Rettungskräfte und Einsatzkräfte der freiwilligen Feuerwehr Eiche sind demnach gegen 17 Uhr auf die Kreuzung Landsberger Chaussee Ecke Alte Hellersdorfer Straße gerufen worden. Dort kam es kurz zuvor zu einem Zusammenstoß zwischen einem Renault und einem Pritschenwagen.

Rettungsdienst rückt mit einem Großaufgebot an

Wie die Einsatzkräfte vor Ort mitteilen, sei aufgrund der hohen Anzahl an Verletzten das Stichwort MANV, also einem Massenanfall von Verletzten, ausgerufen worden. Eine Vielzahl an Rettungs- und Notarztfahrzeugen rückte daher zum Unfallort an.

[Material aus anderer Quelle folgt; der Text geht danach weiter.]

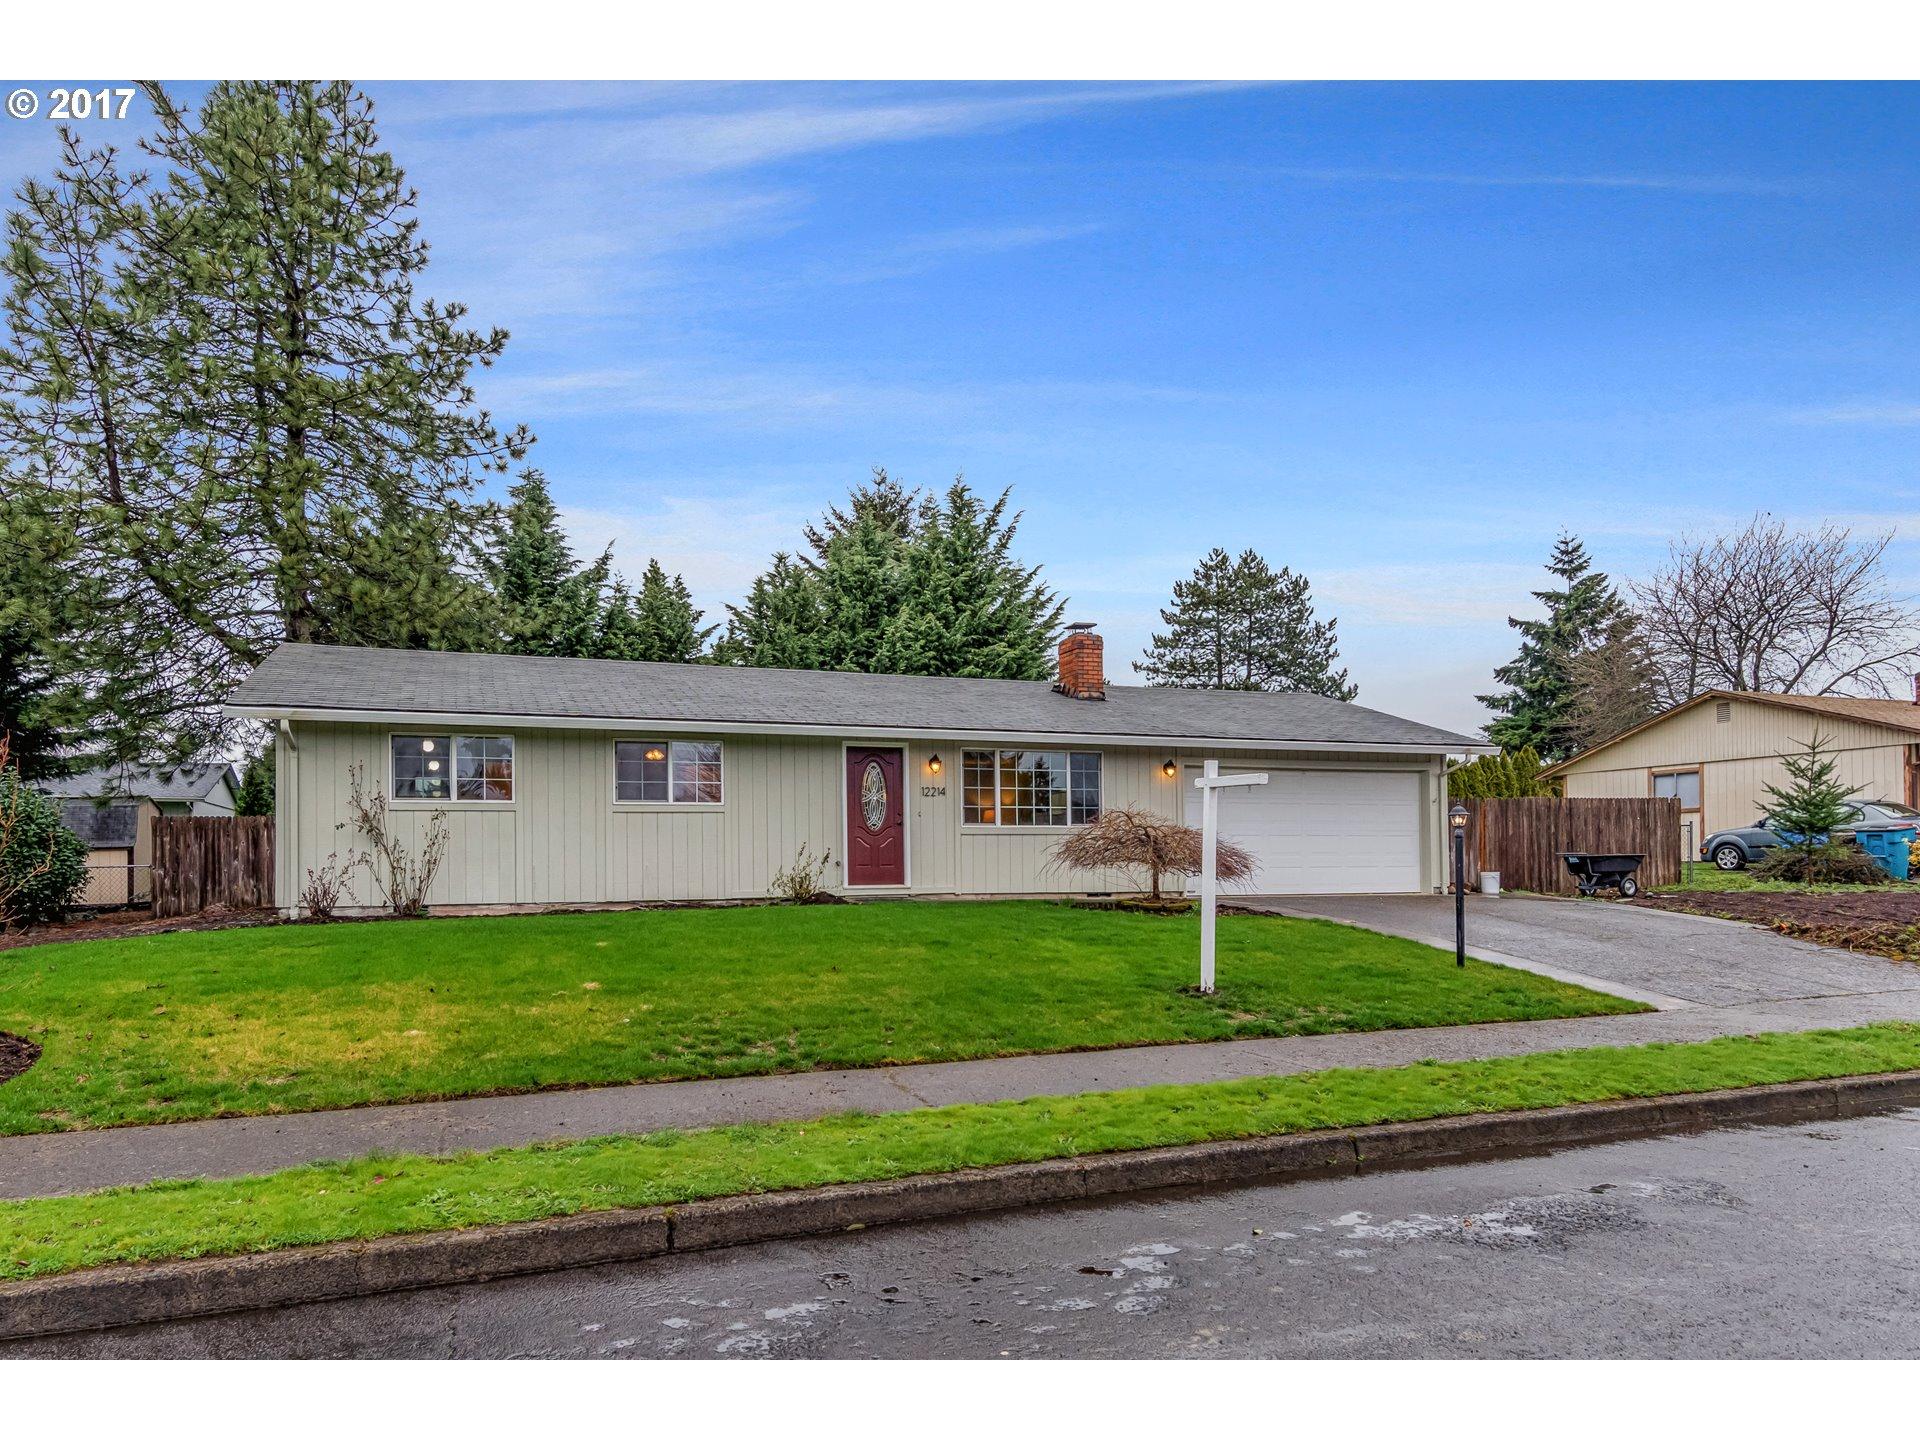 12214 NE 72ND ST, Vancouver, WA 98682

Ein leitender Notarzt koordiniert das Aufgebot an Rettungsmitteln. Sieben Personen mussten in umliegende Krankenhäuser transportiert werden.

Dominik Totaro

Den Angaben eines Polizeisprechers aus Potsdam zufolge sollen bei dem Crash insgesamt sieben Personen verletzt worden sein. Diese wurden vor Ort versorgt und in umliegende Krankenhäuser transportiert.

Sperrung sorgt für Stau im Berufsverkehr

Mitten im abendlichen Berufsverkehr sorgte die Vollsperrung der Richtungsfahrbahn nach Berlin für kilometerlangen Stau. Autofahrer mussten die Kreuzung deshalb über Eiche oder Hellersdorf umfahren, was dort ebenfalls zu längeren Fahrzeiten führte.

Rettungswagen aus Berlin unterstützen die Brandenburger Einsatzkräfte bei dem Einsatz.

Dominik Totaro

Wie es zu dem Unfall kam ist derzeit noch unklar und muss nun von der Polizei ermittelt werden. Aus Polizeikreisen hieß es, dass der 47-jährige Fahrer des Renault vermutlich bei „Rot“ in die Kreuzung gefahren sein könnte.